Problem: Given a set of $N$ dimensional 1D features, I seek to predict a single scalar value.
My approach has been to build a linear regression model ($\hat{y}$) to predict the scalar value from the 1D feature. Say, $$ \hat{y}(w, x) = w_0 + w_1 x_1 + ... + w_p x_p $$ $w = (w_1,..., w_p)$ is the regression coefficients. Which we seek.
Then the regressor coefficients are computed by solving the minimization problem: $$ \min_{w} || X w - y||_2^2 + \alpha ||w||_2^2 $$
So far this is a classical regression problem, for which I can use any of the ML toolkits.
However, I have an additional requirement.
I need the model to be invariant to a flipped feature input. Here,
flipping is defined as flipping the order of feature components. i.e A feature $X$ = $(X_0\ldots X_n)\to(X_n\ldots X_0)$
Or formally we can define Flip as: $Flip((X_0\ldots X_n) )$ = $(X_n\ldots X_0)$
Hence, $$ \hat{y}(w, x) = \hat{y}(w, Flip(x)) $$
Any thoughts on what approach to take to incorparate such a constraint in the regression method.
P.S: Currently I am using a Lasso Regressor with a high penalty ($\alpha$).
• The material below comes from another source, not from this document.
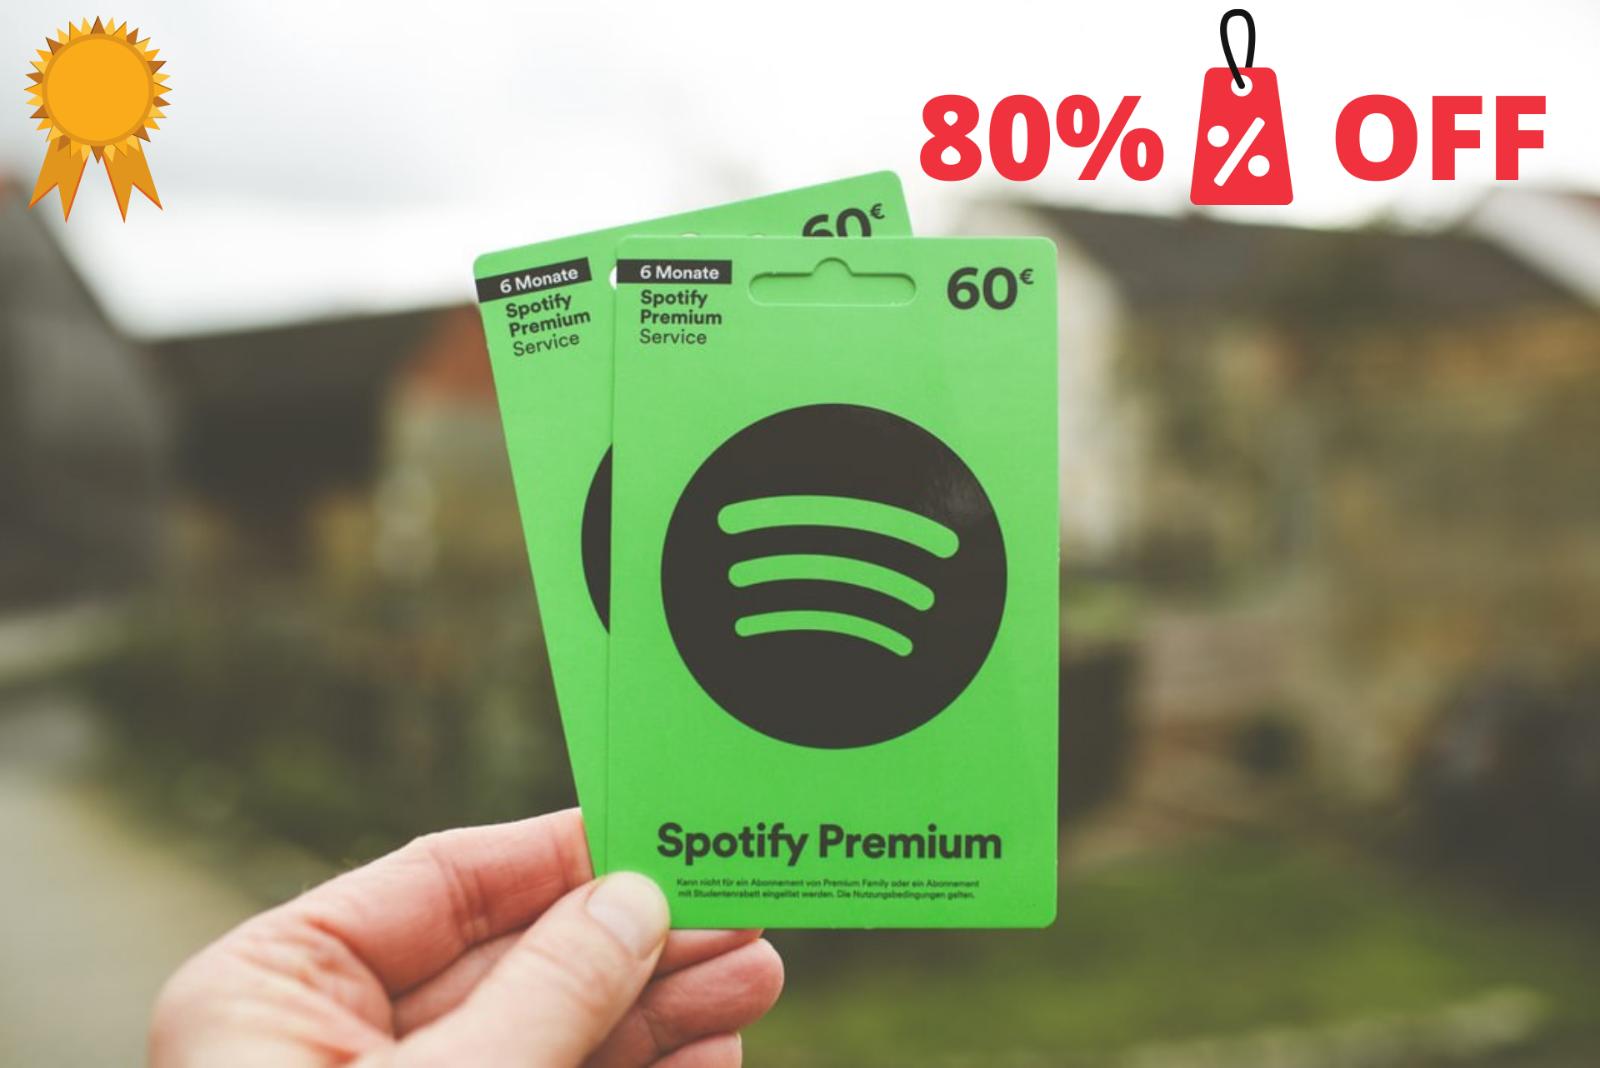 Spotify Premium Lifetime | 1 Year Warranty | Personal | Legal Account Worldwide 1

The reasoning being that the high alpha will lead to a regressor with coeffienients near zero. Such a regressor with be robust to flipped input
One very simple way to achieve this would be to put the condition into the parameters.
Instead of $w=(w_1,\ldots,w_p)$, take $w=(w_1,w_2,\ldots, w_{p/2}, \ldots,w_2, w_1)$, i.e. a parameter vector that is invariant under the flip operation.
This works because $flip(x) = P\cdot x$ where $P=\begin{pmatrix}&& 1\\&\cdots&\\1&&\end{pmatrix}$ is the matrix with ones on the off diagonal. Clearly $P$ is symmetric, so $w^T flip(x) = w^T P x = (Pw)^T x = flip(w)^T x = w^T x$
PS: If you should ever need invariance under arbitrary permutations, check out Deep-Sets
EDIT: Implementation wise, I think the easiest way would be to simply put
$$ \hat y = X\beta, \quad \beta=\frac{1}{2}(w+Pw),\quad L = \|y-\hat y\|_2^2 + \alpha\|\beta\|_2^2 $$
Note that $flip(\beta) = \beta$ for any $w$ (since $P^2=I$). Let $\tilde X = \frac{1}{2}X\cdot(I+P)$ (So $X\beta = \tilde X w$), then
$$ \frac{\partial}{\partial w} L = -2\tilde X^T (y-\tilde X w) + 2\alpha(I+P) w $$
Furthermore:
$$ \frac{\partial}{\partial w} L = 0 \iff \big(\tilde X^T\tilde X + \alpha (I+P)\big)w = \tilde X^Ty \iff \hat w = \big(\tilde X^T\tilde X + \alpha (I+P)\big)^{-1}\tilde X^Ty $$